Gregory in Seattle says
A whole month to learn paint-by-number.
Color me unimpressed; use paint cup #4.
brazenlucidity says
About what I’d expect from my intro to painting students assuming they hadn’t had any training in high school, etc.
robro says
Chas — Different, and yet the same.
laurie says
Why does he sign 43, and not his name?
He doesn’t want to destroy the value.
lb says
Very typical of a Sunday painter and not even as good as first year art students. Yawn.
thewoodguy says
Surprisingly, all Bill Clinton could muster in retirement was to start a global foundation to help explore solutions to poverty and disease. What a slacker.
abelundercity says
If it keeps him out of trouble and our collective hair, I’m all for it.
zibble says
Seeing pictures of his art show at the White House was infuriating – everyone from the news networks to the Obamas was there, applauding, acting in the conspiracy to inflate this selfish, prickish, over-privileged war-criminal fuckwit’s already-overblown-ego as he treats the fucking White House, the central symbol of our democracy that he bought with lies and his father’s money and then still had to steal anyway, like a god-damn fridge for his fucking macaroni art.

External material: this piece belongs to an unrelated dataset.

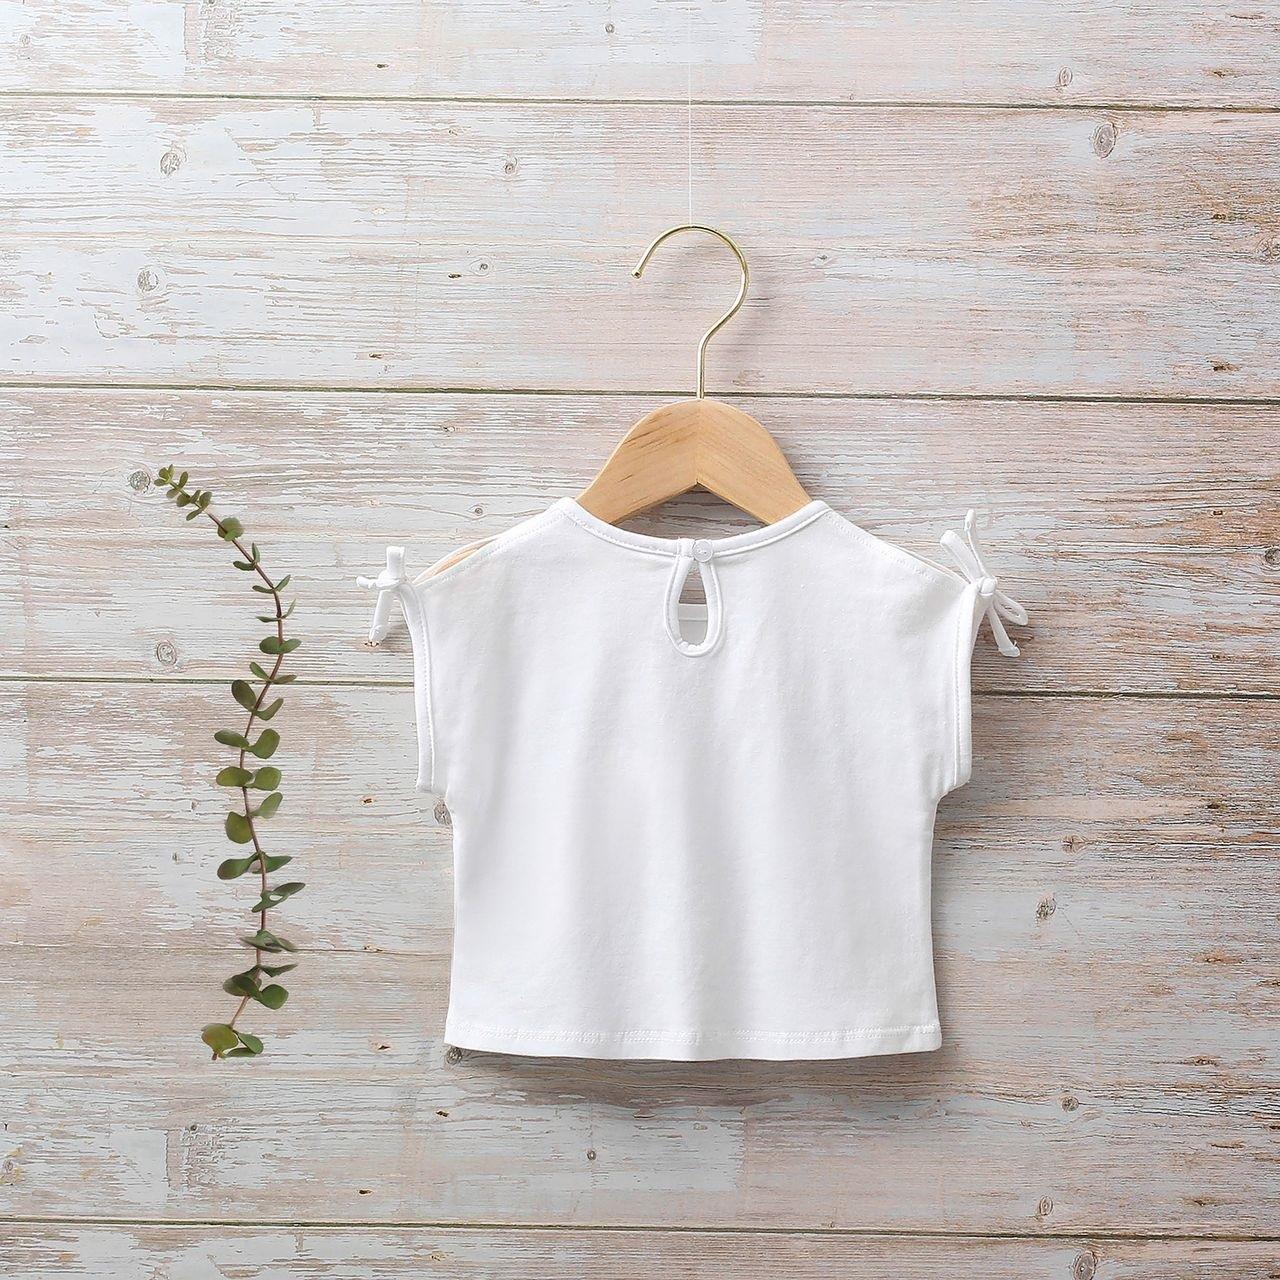 Imagen de Camiseta blanca niña con estampado de chica

This grown-ass-fucking man – by which I mean the spoiled, useless little rich turd of a brat that lives where a man should be, this parasitic leech with delusions of greatness; this symbol of everything that is wrong with America, the ignorance, the selfishness, the narcissistic religiosity, the disregard if not contempt for others, the inequalities of wealth and race and the privilege and ego that goes along with it; to wit, this shit – still, after everything he’s done, commands the power and the guise of respect to be insulated from the idea that he has ever failed at anything, when he has actually failed at everything, including, especially, being anything close to a worthwhile human being.
God fucking damn it.
unalienablebytes says
Barf me me out and gag me with a spoon.
chigau (違う) says
zibble
yup
Martin Wagner says
There’s something kind of childishly sweet about him enjoying painting puppies, and if it makes him happy, more power to him. It does, however, illustrate rather sharply that he wasn’t exactly the sort of man you want running your freaking country.
rowanvt says
Watched it with sound off. Not impressed. I haven’t had any art classes beyond the stuff they teach in grade school and I draw better than that. I kept itching to reach up with my pencil and fix the anatomy on that dog painting… and give it feet.

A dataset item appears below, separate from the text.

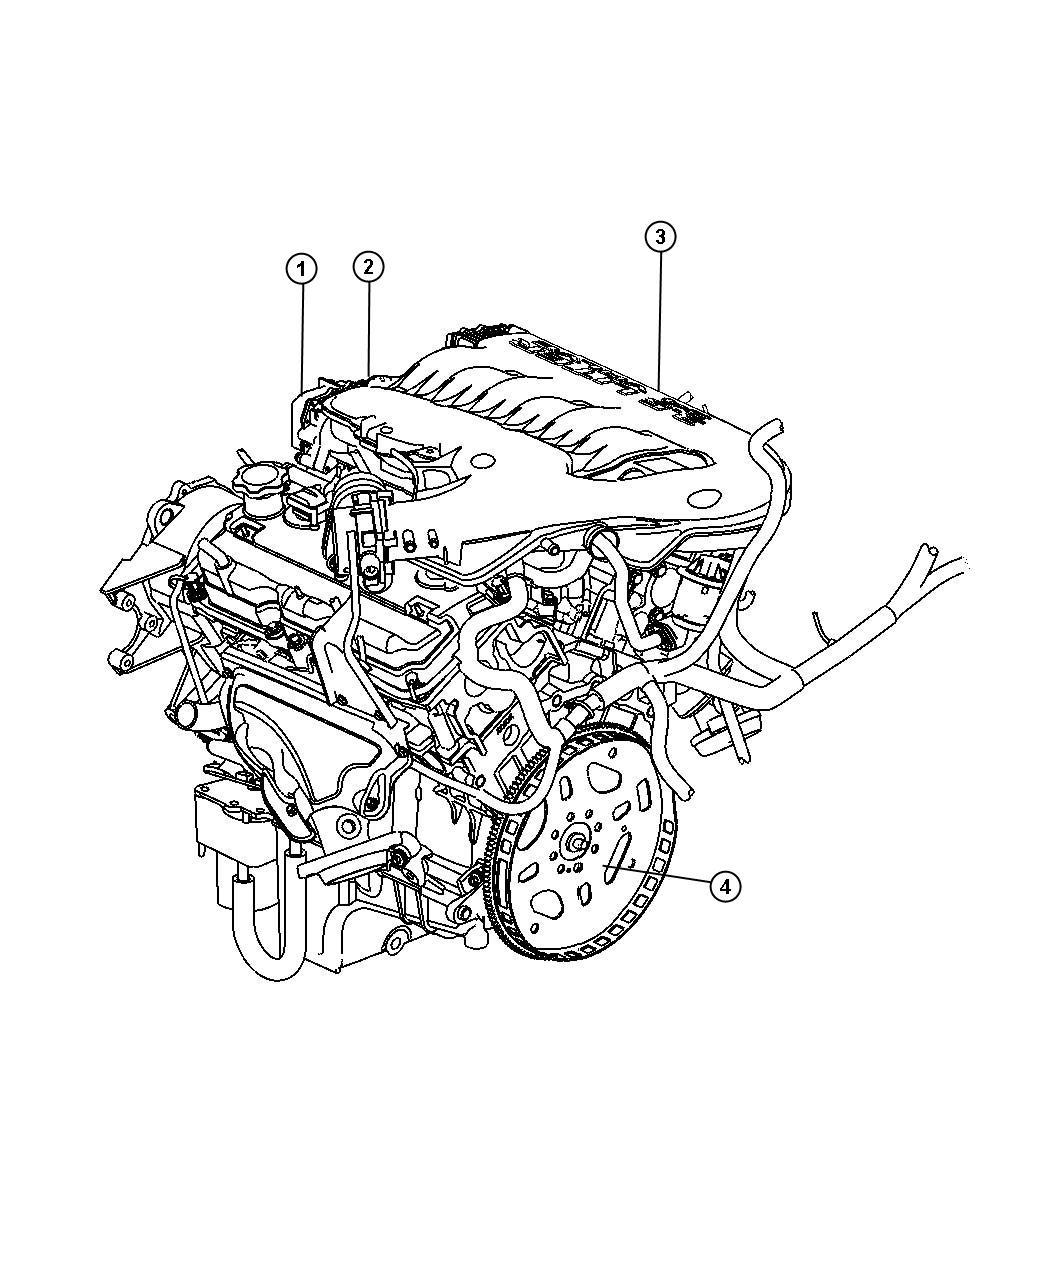 Dodge Charger Engine. Long block. Remanufactured

I’m glad he has a hobby he enjoys, but how the hell is this newsworthy???
Goodbye Enemy Janine says
Why do I feel the urge to throw a shoe at one of his paintings?

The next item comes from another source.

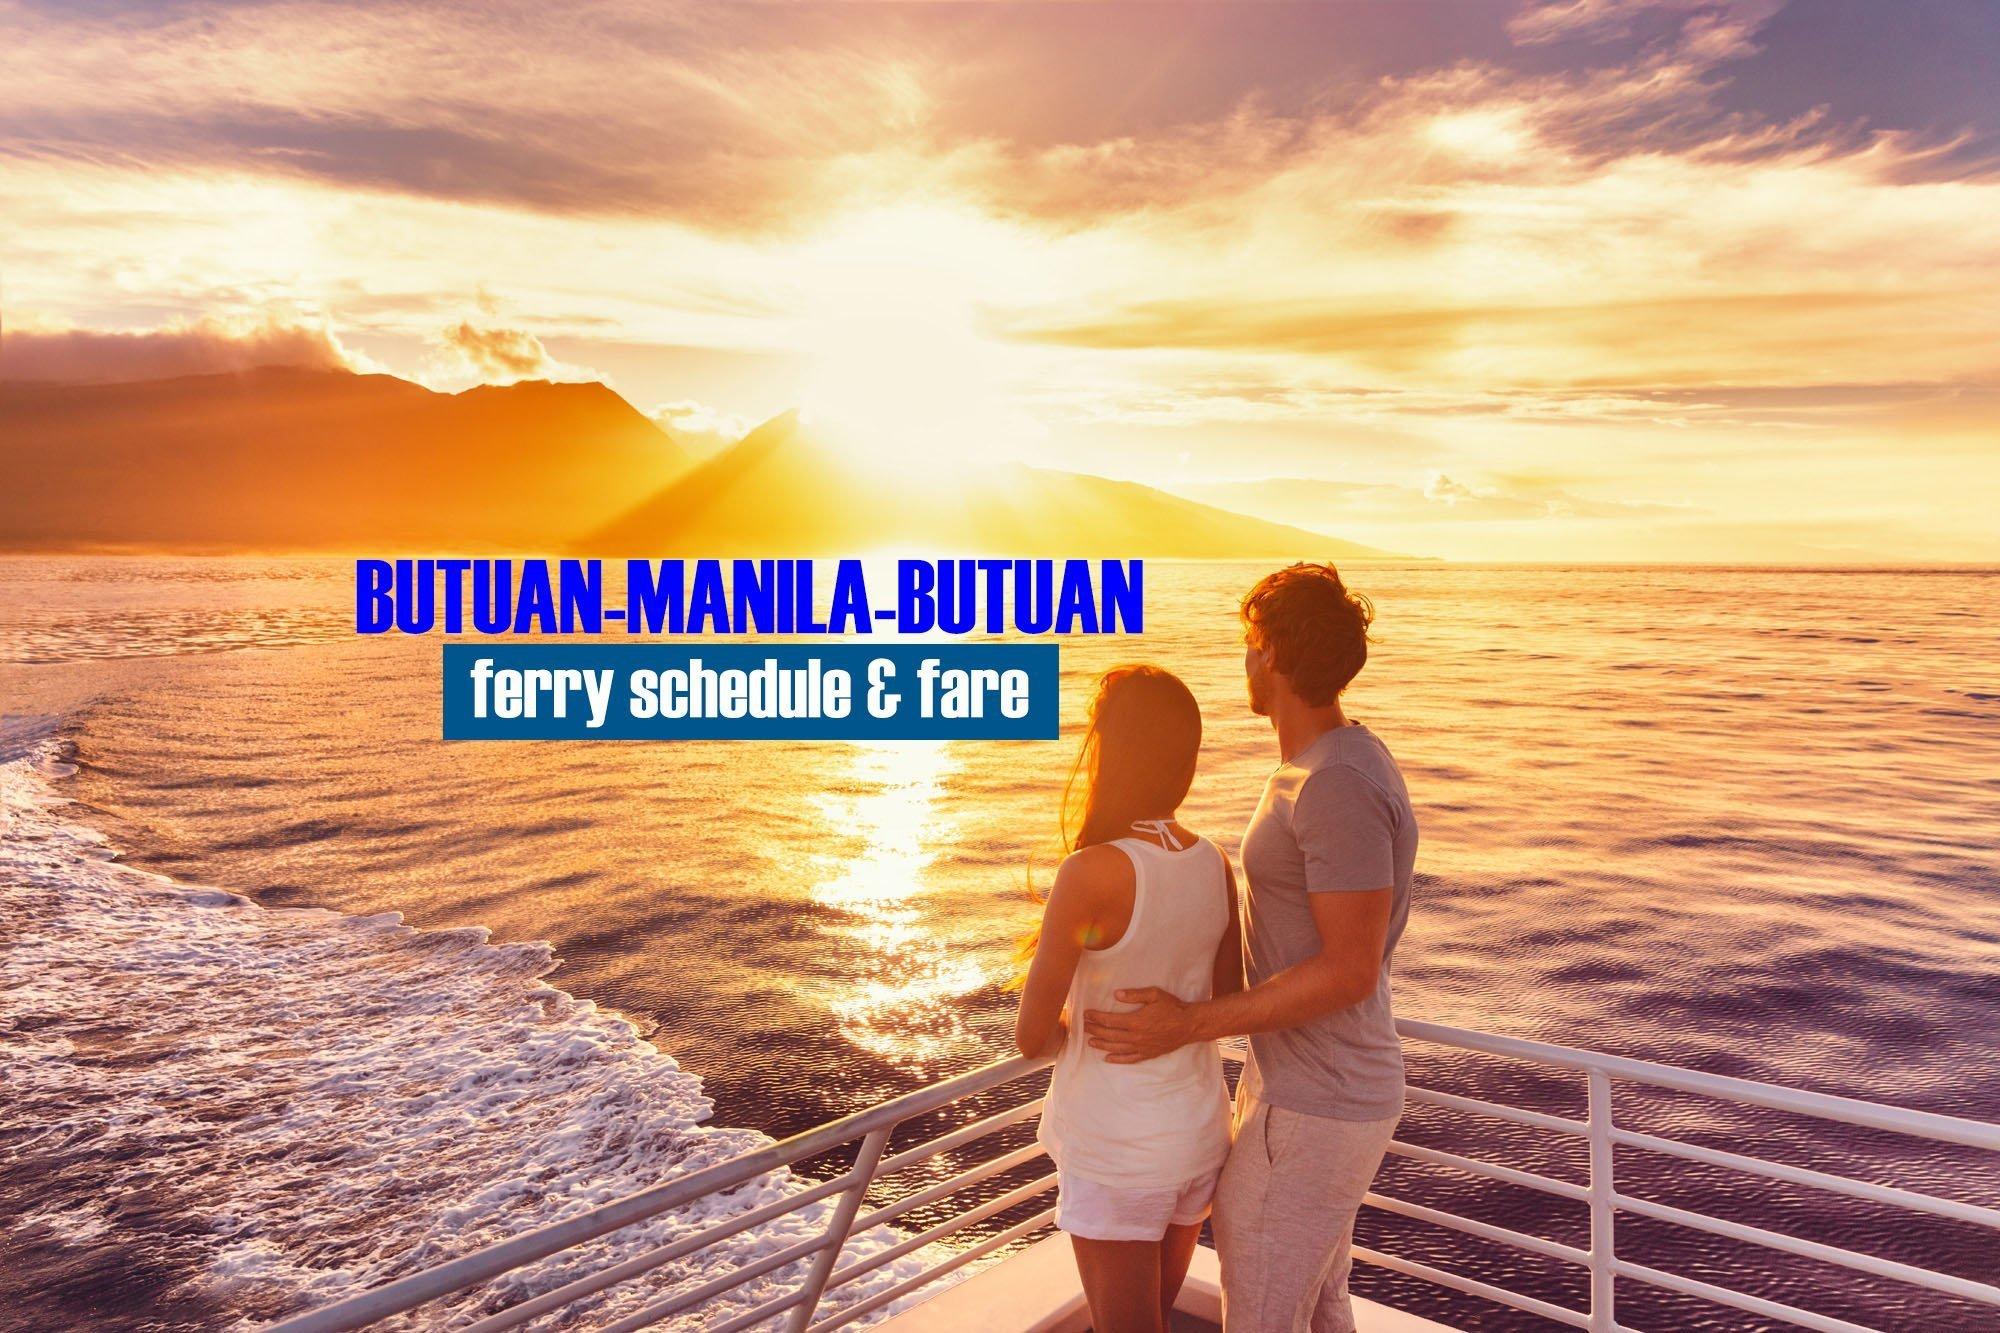 Butuan to Manila: 2019 Boat Schedule and Fare

chigau (just call me chigau) says
Janine
If you coat the shoe with … something.
You’ll have a performance art piece.
toro says
Oh, I like this one. One dog goes one way, the other dog goes the other way, and this guy’s sayin’, “Whaddaya want from me?”
marilove says
I kind of liked his self portraits, actually, but I admit I have terrible taste and I also can’t paint so what the fuck do I know.
sundiver says
One little quibble, Hitler was a painter first, war-criminal second. Shrub was just the opposite.
laurentweppe says
Huh? What? Do you think he would have been less likely to start the Irak War if he had been a stamp collector instead?
smutclyde says
You know who else was a great painter?
Winston Churchill??
Rich Woods says
Churchill also had the advantage of being able to string a sentence togther. And hold his booze.
Rich Woods says
Together. Gah.
jimatkins says
“Hitler! Now there was a painter! An entire apartment, one afternoon, two coats!”
Nick Gotts (formerly KG) says
One of my favourite SF ideas for a book – the book itself isn’t up to much – is Norman Spinrad’s The Iron Dream, a futuristic fantasy supposedly written by Hitler himself after his emigration to the USA and a career as an SF illustrator.
Muz says
8 years still not enough to learn how to be president though
Matt G says
Well at least he was a great president.
Oh, wait….
rogerfirth says
To me, Shrub has always appeared to be developmentally disabled. The similarities between him and my friend’s developmentally disabled adult son are amazing. Physically an adult male, but you notice a definite lack of mental acuity just by his demeanor. And when he speaks, even more. And when he does something basic, like turn out a light or close a door, the people close to him praise him to no end and fawn over him endlessly. It’s kind of embarrassing.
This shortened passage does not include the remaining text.